This is an initial website for ELEMENT - the Exascale Mesh Network.

ELEMENT addresses the high priority use case of meshing for the Exascale (i.e. ensuring that meshes are of sufficient quality to represent Exascale problems and can be partitioned efficiently to minimise load imbalance) as well as meshing at the Exascale (i.e. creating highly scalable solutions that will be able to exploit extreme levels of parallelism).

The meshes required for Exascale simulations, under which we will aim to model problems with extreme geometric complexity and levels of refinement, will necessarily be very large with 109 cells and above, and contain cells that may differ in size by many orders of magnitude to faithfully resolve the underlying physics at their appropriate scales. Meshing and geometry management remain a significant bottleneck for complex applications on HPC platforms, posing a challenging obstacle that must be overcome to enable Exascale simulations.
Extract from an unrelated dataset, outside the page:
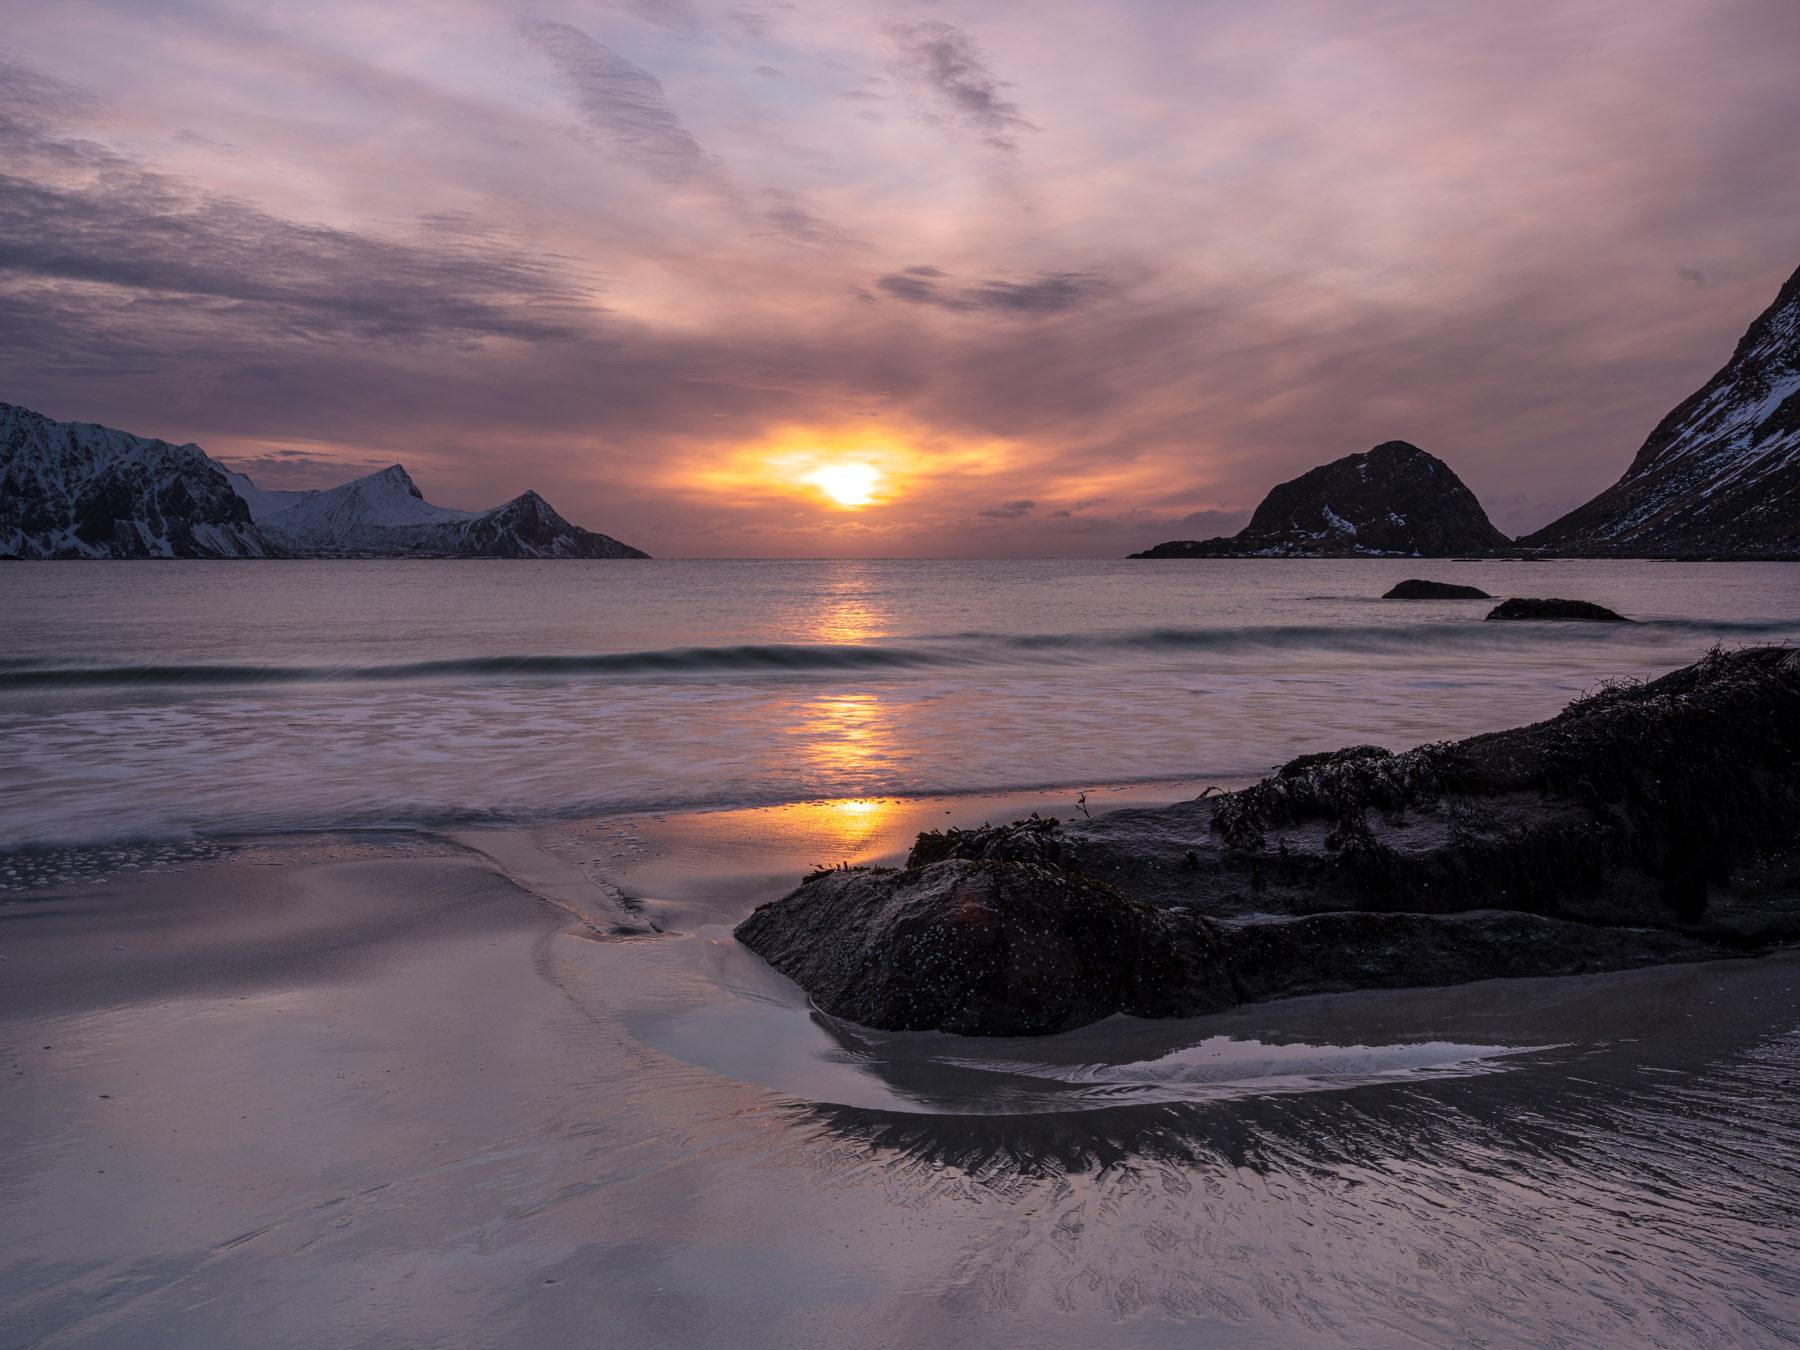 Sonnenuntergang in Haukland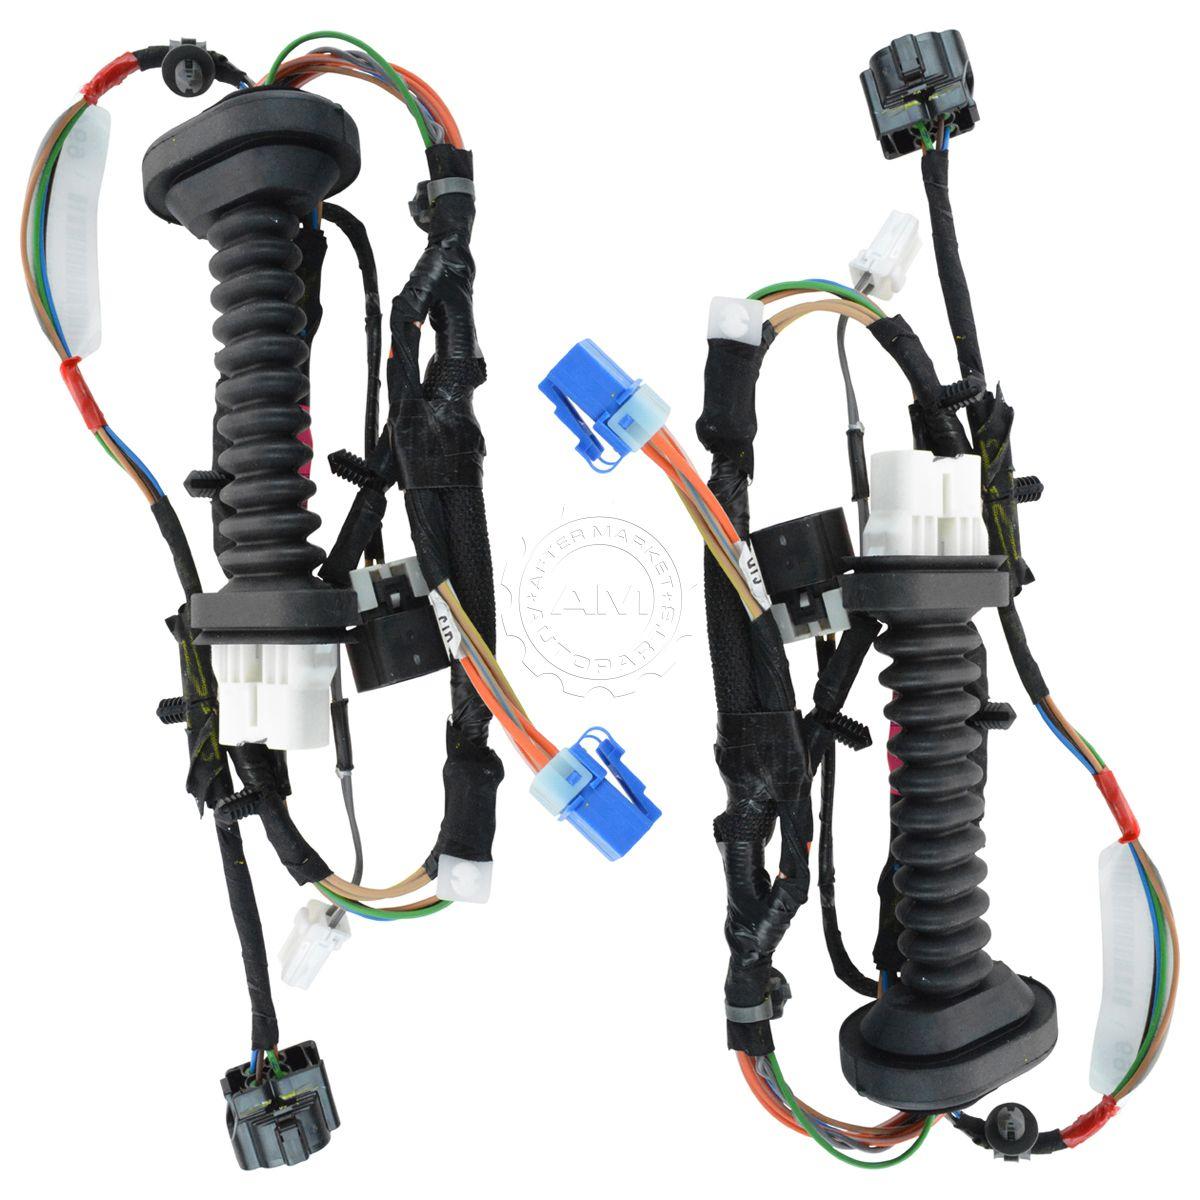 oem 56051694aa rear door electrical wiring harness lh & lh pair for ram  pickup

From a technical perspective, these issues include (but are not limited to) improved geometric handling, mesh adaptation and optimisation, intelligent meshing, automation and robustness, all within a large distributed environment that lies outside of our current capabilities.

ELEMENT’s objectives are threefold:

  1. Building a community around meshing practice by establishing a collaborative network;
  2. Undertaking proof of concept studies, with prototype implementations of two target challenges; and
  3. Publishing a Vision Paper and strategic research agenda covering the full meshing workflow, from mesh generation to adaptation, partitioning and visualisation.

ELEMENT is led by EPCC, the supercomputing centre at the University of Edinburgh, and run in partnership with the University of Cambridge, Imperial College London, the University of Exeter and Swansea University.

ELEMENT is funded by UKRI as an ExCALIBUR High Priority Use Case, grant reference EP/V001345/1.